SUPREME COURT OF THE STATE OF NEW YORK APPELLATE TERM: 2nd, 11th and 13th JUDICIAL DISTRICTS
August 16, 2011
MSSA CORP. AS ASSIGNEE OF JOSEPHINE PIZARRO,
REDLAND INSURANCE COMPANY,
Appeal from an order of the Civil Court of the City of New York, Kings County (Kenneth P. Sherman, J.), entered October 7, 2009.
MSSA Corp. v Redland Ins. Co.
Decided on August 16, 2011
Appellate Term, Second Department Published by New York State Law Reporting Bureau pursuant to Judiciary Law § 431. This opinion is uncorrected and will not be published in the printed Official Reports.
PRESENT: STEINHARDT, J.P., GOLIA and RIOS, JJ
The order denied defendant's motion for summary judgment.
ORDERED that the order is reversed, without costs, and defendant's motion for summary judgment dismissing the complaint is granted.
In this action by a provider to recover assigned first-party no-fault benefits, defendant appeals from an order which denied its motion for summary judgment dismissing the complaint.
The affidavit submitted by defendant in support of its motion for
summary judgment was sufficient to establish that defendant's denial
of claim forms, which denied the claims at issue on the ground of lack
of medical necessity, had been timely mailed in accordance with
defendant's standard office practices and procedures (see St.
Vincent's Hosp. of Richmond v Government Empls. Ins. Co., 50 AD3d 1123
; Delta Diagnostic Radiology, P.C. v Chubb Group of Ins., 17
Misc 3d 16 [App Term, 2d & 11th Jud Dists 2007]). Defendant also submitted,
among other things, an affirmed peer review report, as well as an affirmation executed
by the physician who had performed the peer review, which set forth a factual basis and
medical rationale for the conclusion that there was no medical necessity for the medical
supplies at issue. As plaintiff failed to proffer an affidavit from a health care practitioner
which meaningfully referred to, let alone rebutted, the conclusions set forth in the peer
review report (see Pan Chiropractic, P.C. v Mercury Ins. Co., 24 Misc 3d 136[A], 2009 NY
Slip Op 51495[U] [App Term, 2d, 11th & 13th Jud Dists 2009]), defendant's motion for
summary judgment should have been granted (see Delta Diagnostic Radiology, P.C.
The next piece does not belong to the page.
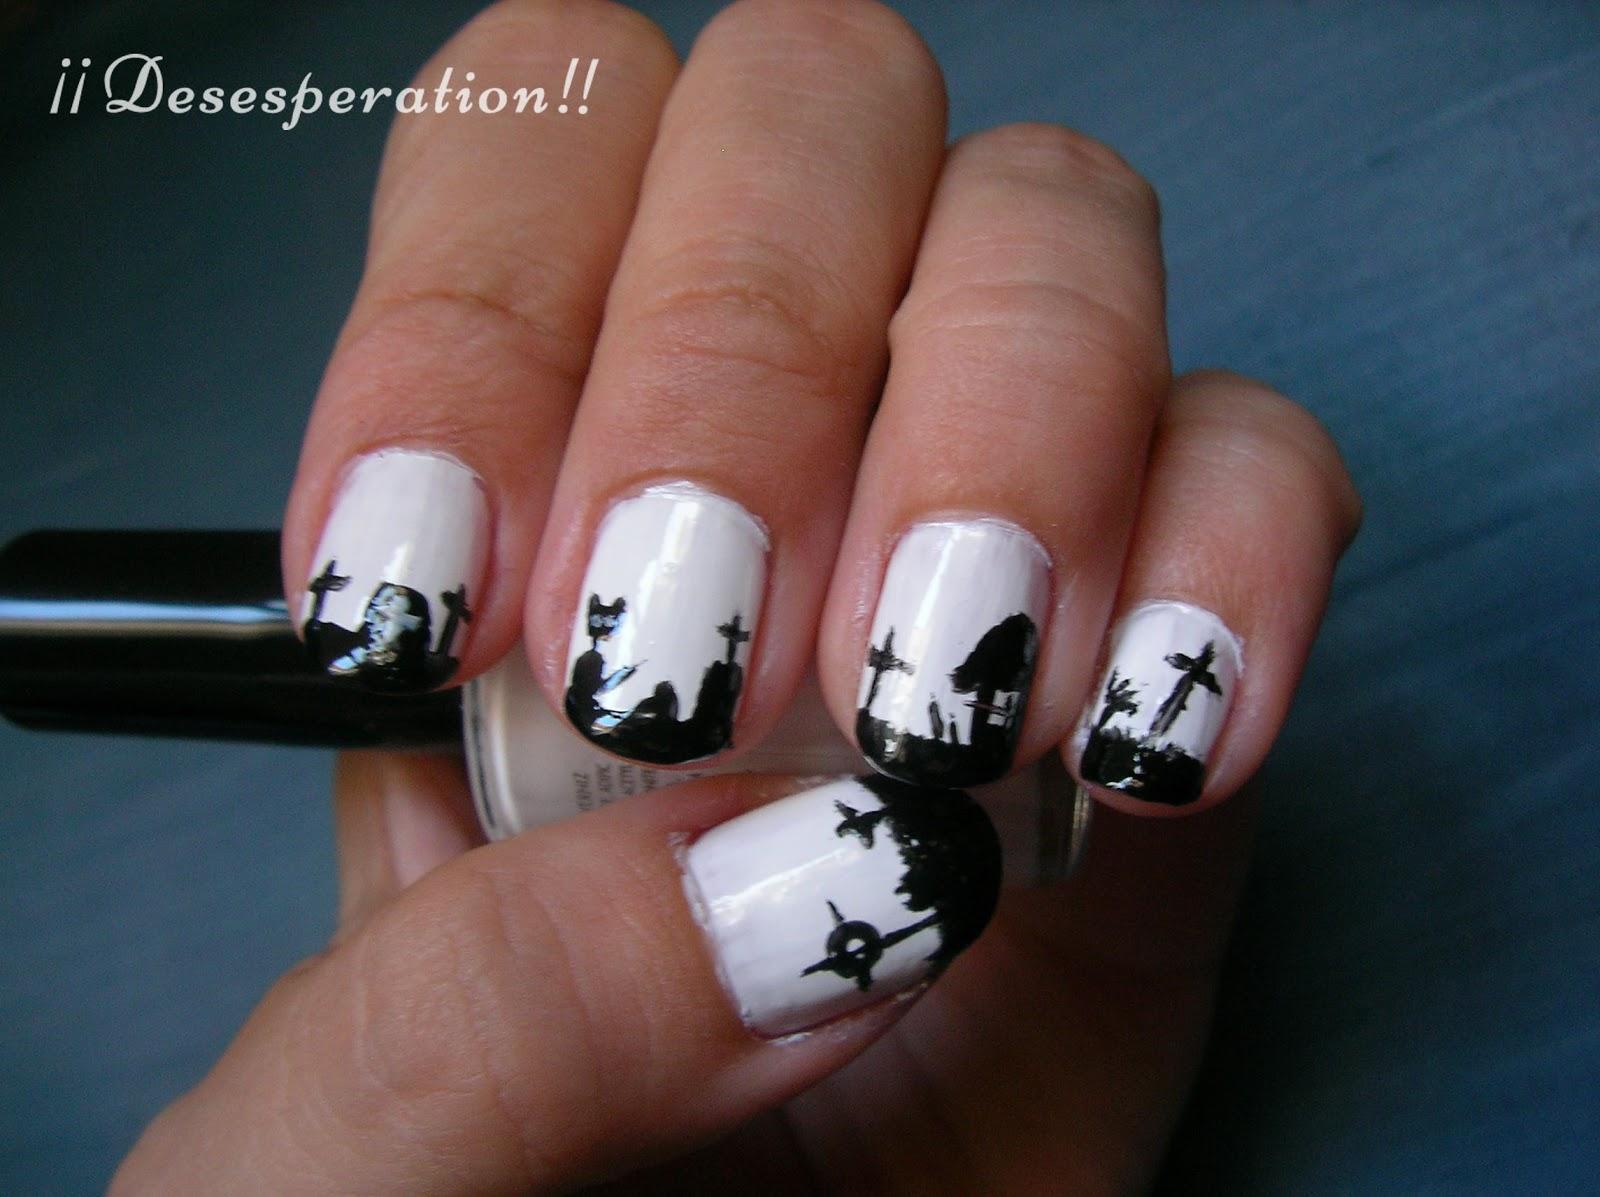 Desesperation!!: Diseño uñas - Cementerio Halloween

v Integon Natl. Ins. Co., 24 Misc 3d 136[A], 2009 NY Slip Op 51502[U] [App Term, 2d,
11th & 13th Jud Dists 2009]; Delta Diagnostic Radiology, P.C. v American
Tr. Ins. Co., 18 Misc 3d 128[A], 2007 NY Slip Op 52455[U] [App Term,
2d & 11th Jud Dists 2007]; A. Khodadadi Radiology, P.C. v NY Cent. Mut. Fire Ins. Co., 16
Misc 3d 131[A], 2007 NY Slip Op 51342[U] [App Term, 2d
& 11th Jud Dists 2007]).
Golia and Rios, JJ., concur.
Steinhardt, J.P., dissents in a separate memorandum.
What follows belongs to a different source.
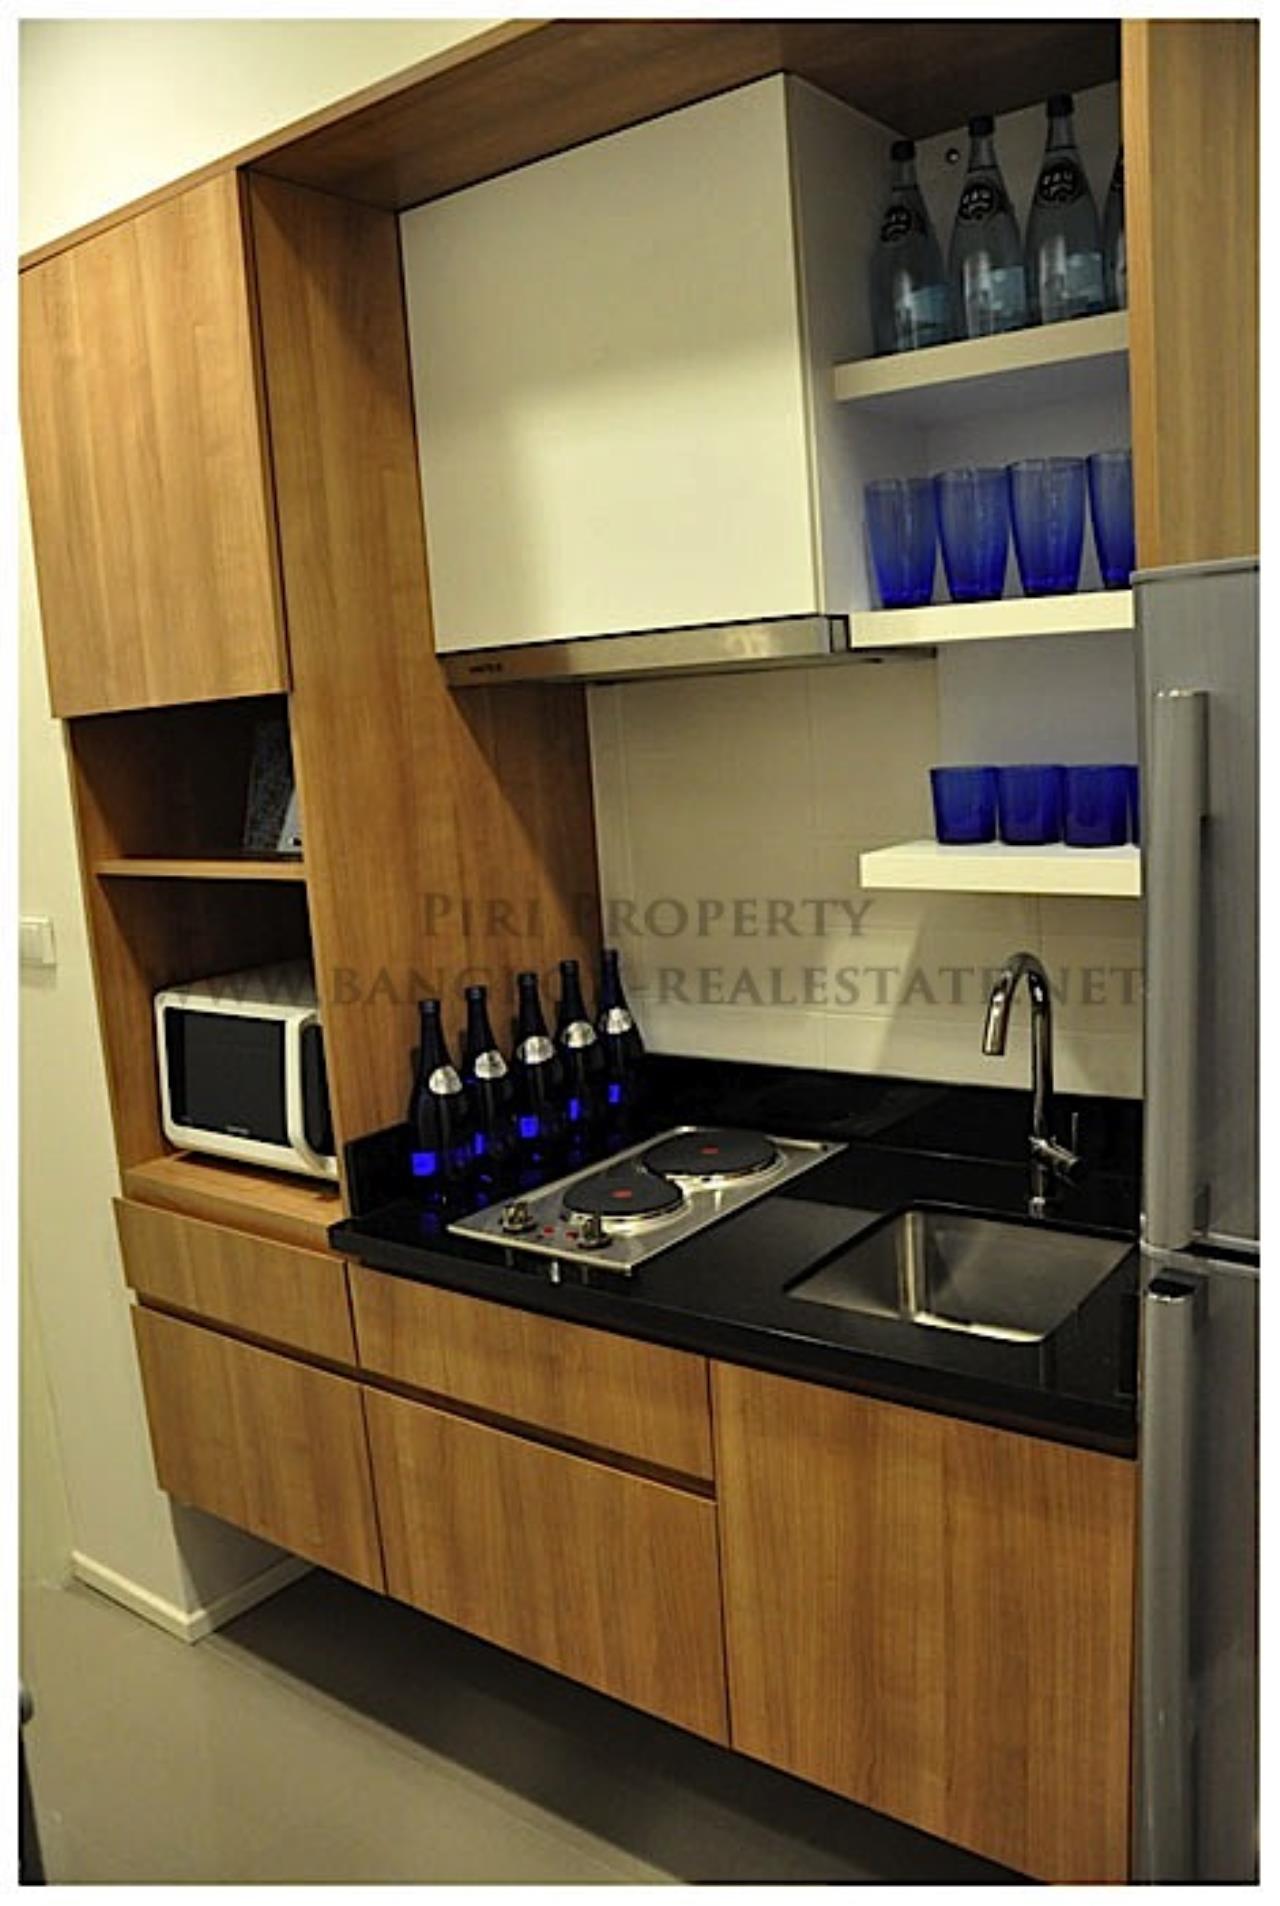 Piri Property Agency's Brand New Condominium - Blocs 77 for Rent 4

Steinhardt, J.P., dissents and votes to affirm the order in the following memorandum:
It is undisputed that plaintiff did not submit medical opposition to defendant's motion for summary judgment, which was based on lack of medical necessity. However, I am of the opinion that the documentation submitted by defendant in support of its motion is insufficient to shift the burden to plaintiff.
"Lack of medical necessity is a defense to an action to recover
no-fault benefits, which an insurer may assert pursuant to a timely
claim denial, based on . . . a sufficiently detailed peer review
report" (Amaze Med. Supply v Eagle Ins., 2 Misc 3d 139[A], 2004 NY
Slip Op 50279[U] [App Term, 2d
& 11th Jud Dists 2004]). To support a motion for summary judgment, a
peer review report must set forth a factual basis and medical rationale
sufficient to establish, prima facie, the lack of medical necessity (see
Urban Radiology, P.C. v GEICO Gen. Ins. Co., 29 Misc 3d 142[A], 2010
NY Slip Op 52157[U] [App Term, 2d, 11th & 13th Jud Dists 2010]).
In the instant matter, the peer review report of Dr. Ross did not "shed any light" on the assignor's condition, nor did it state, in any sufficiently detailed manner, the reason the medical equipment at issue was not needed. The reader of the report is at a total loss to determine what actually happened to the assignor and what parts of her anatomy are amiss and in what way. "Bilateral shoulder and left elbow" injuries may range from a complicated fracture to a minor contusion. Without more, the report is conclusory and vague, and insufficient to shift the burden to plaintiff. I therefore vote to affirm the order denying defendant's motion for summary judgment.